Figure 6. Representation of the Transactivation and Binding Capacities of the RARs Used in the Present Study

The three synthetic retinoids are shown as α, BMS753; β, BMS641; and γ, BMS961. The phylogenetic relationships between the RARs have been schematized by a phylogenetic tree (the tunicate and amphioxus RARs have been polytomised, LampRAR is also polytomised with the vertebrate RARs). The putative position in the tree of the ancestral sequence is indicated by a dashed branch in red.


Is the RAR Ligand-Binding Specificity the Only Functional Characteristic That Changed following the Vertebrate-Specific Gene Duplications?
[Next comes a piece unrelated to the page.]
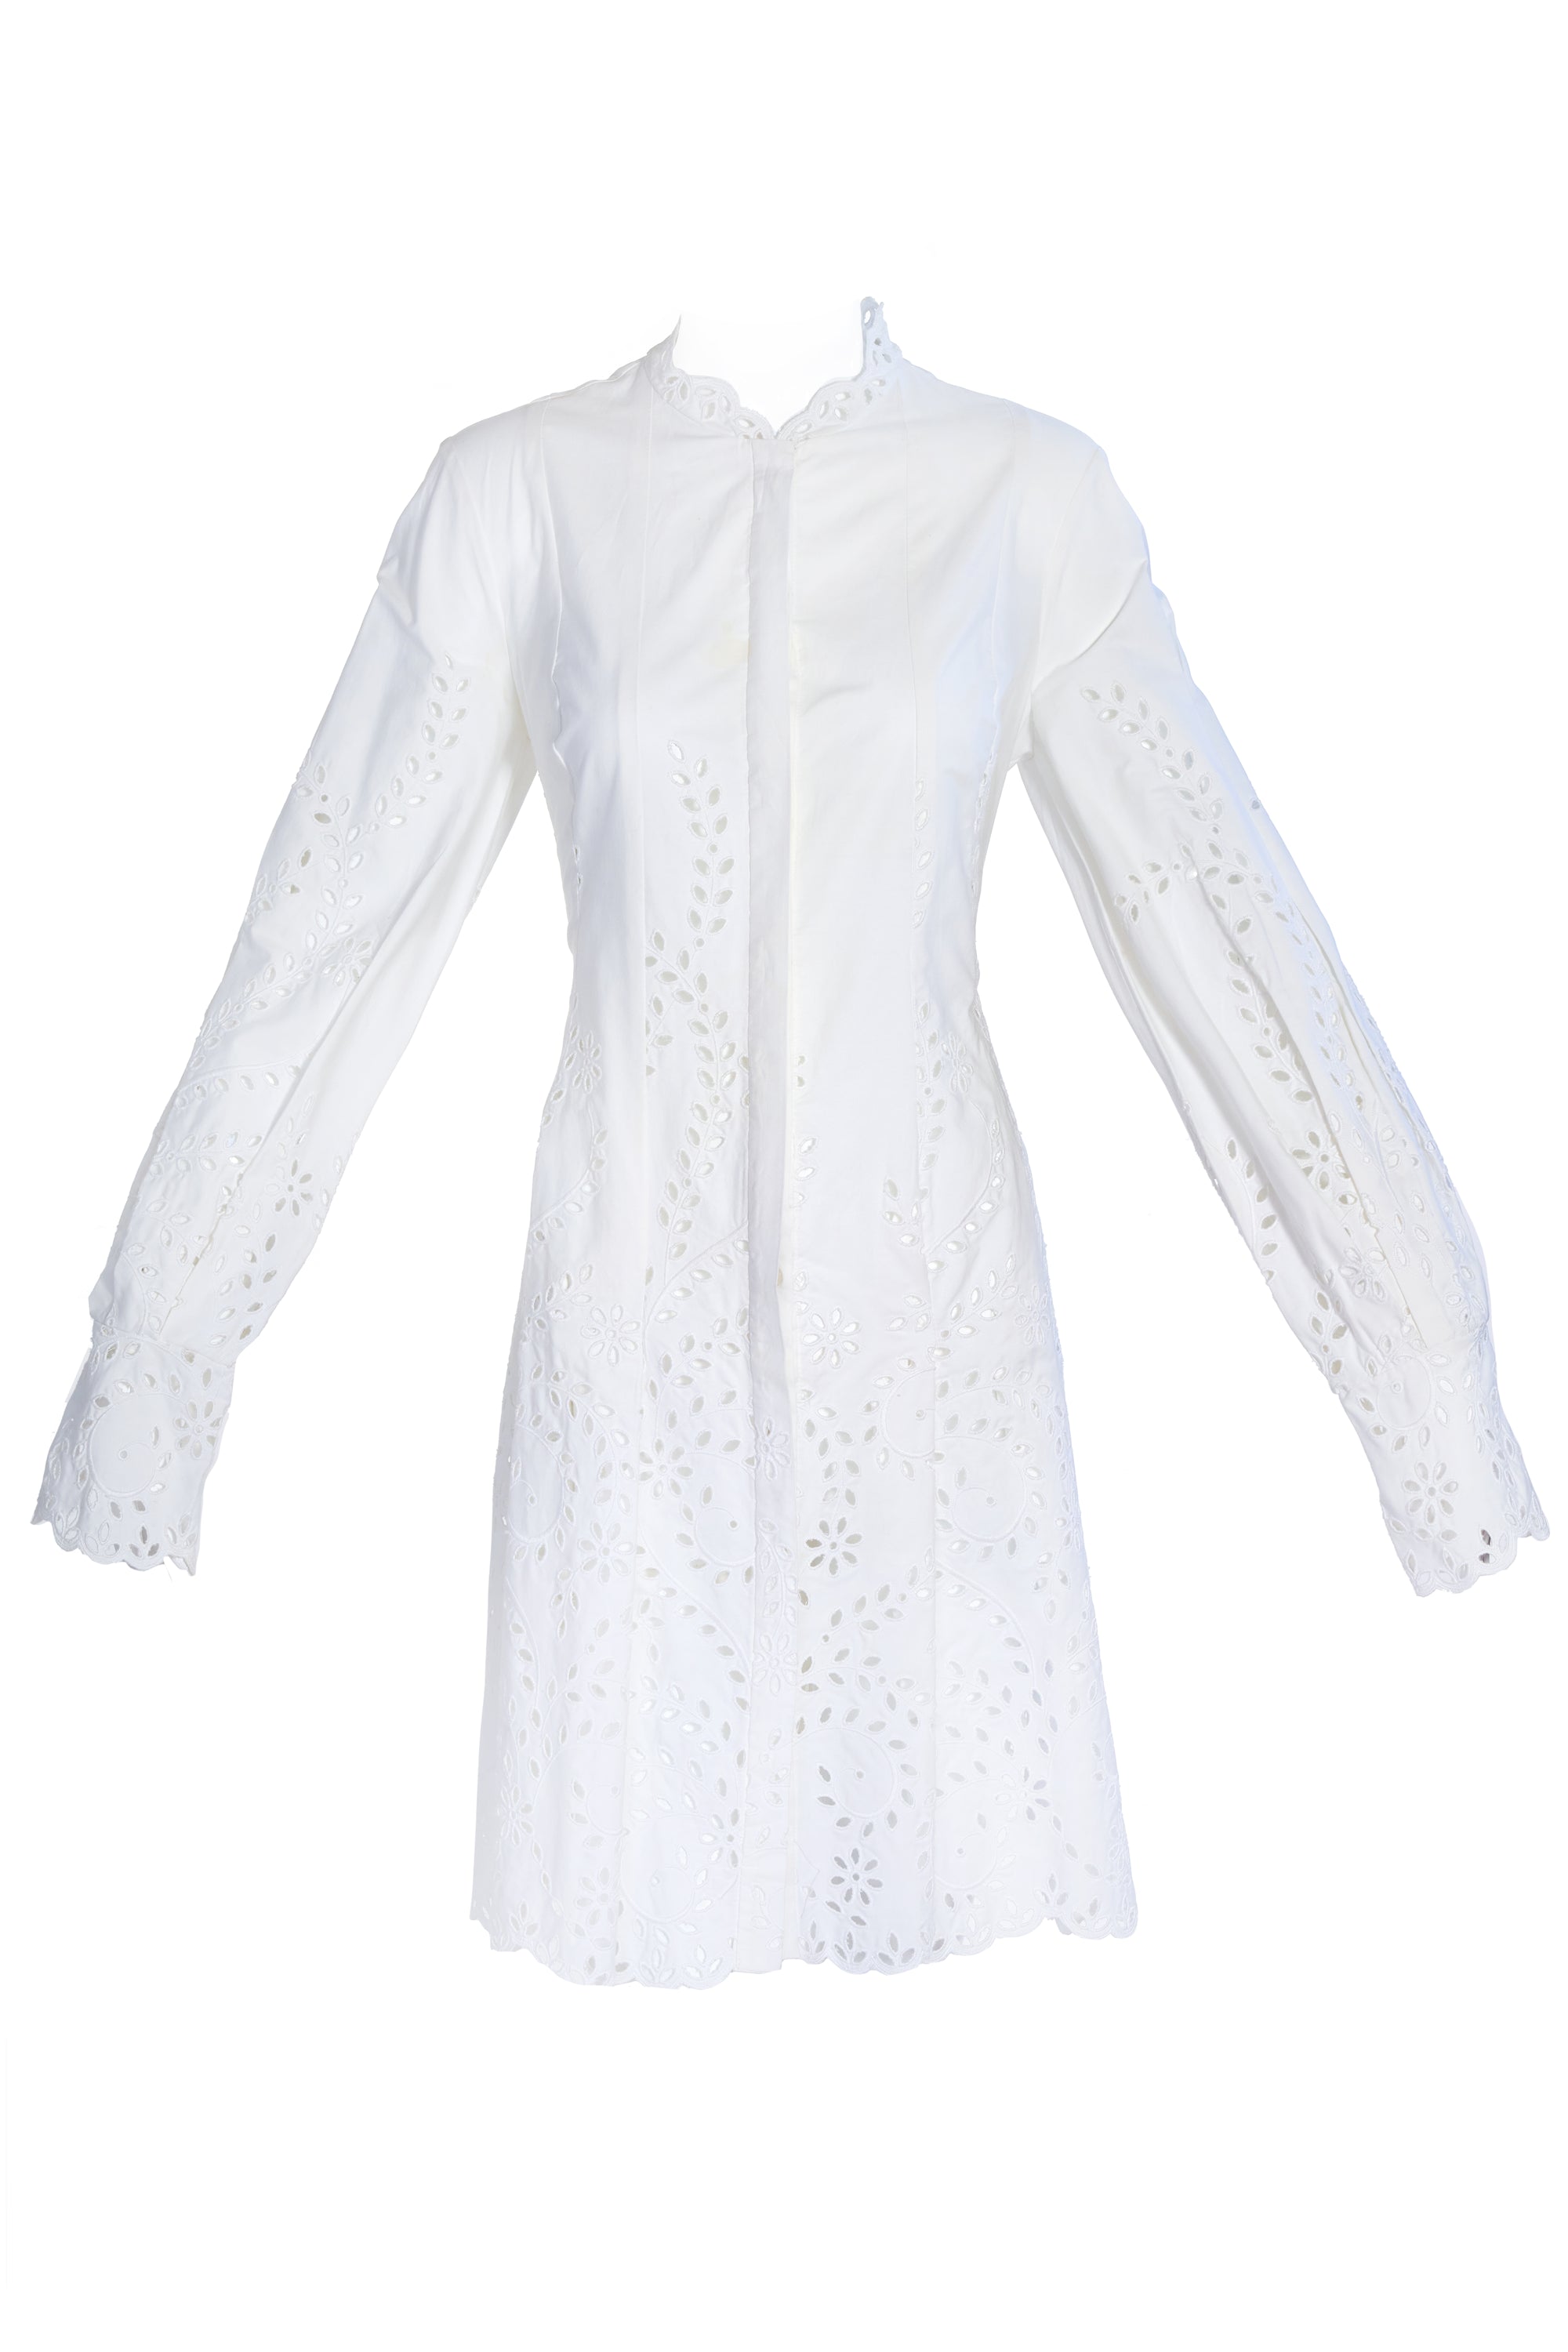 Oscar de La Renta White Cotton Shirt Dress Size 8

Just as mRARβ and AmphiRAR have similar ligand-binding selectivity, they also have similar expression patterns. In contrast, although mRARα and γ share some expression domains with RARβ, they are also expressed in other embryonic territories (forebrain and caudal regions). Thus, expression of amphioxus RAR is either repressed in the anterior and posterior parts of the embryo and this repression has been lost in vertebrate RARα and γ, or activation of these receptors in anterior and posterior tissues has been acquired during vertebrate evolution.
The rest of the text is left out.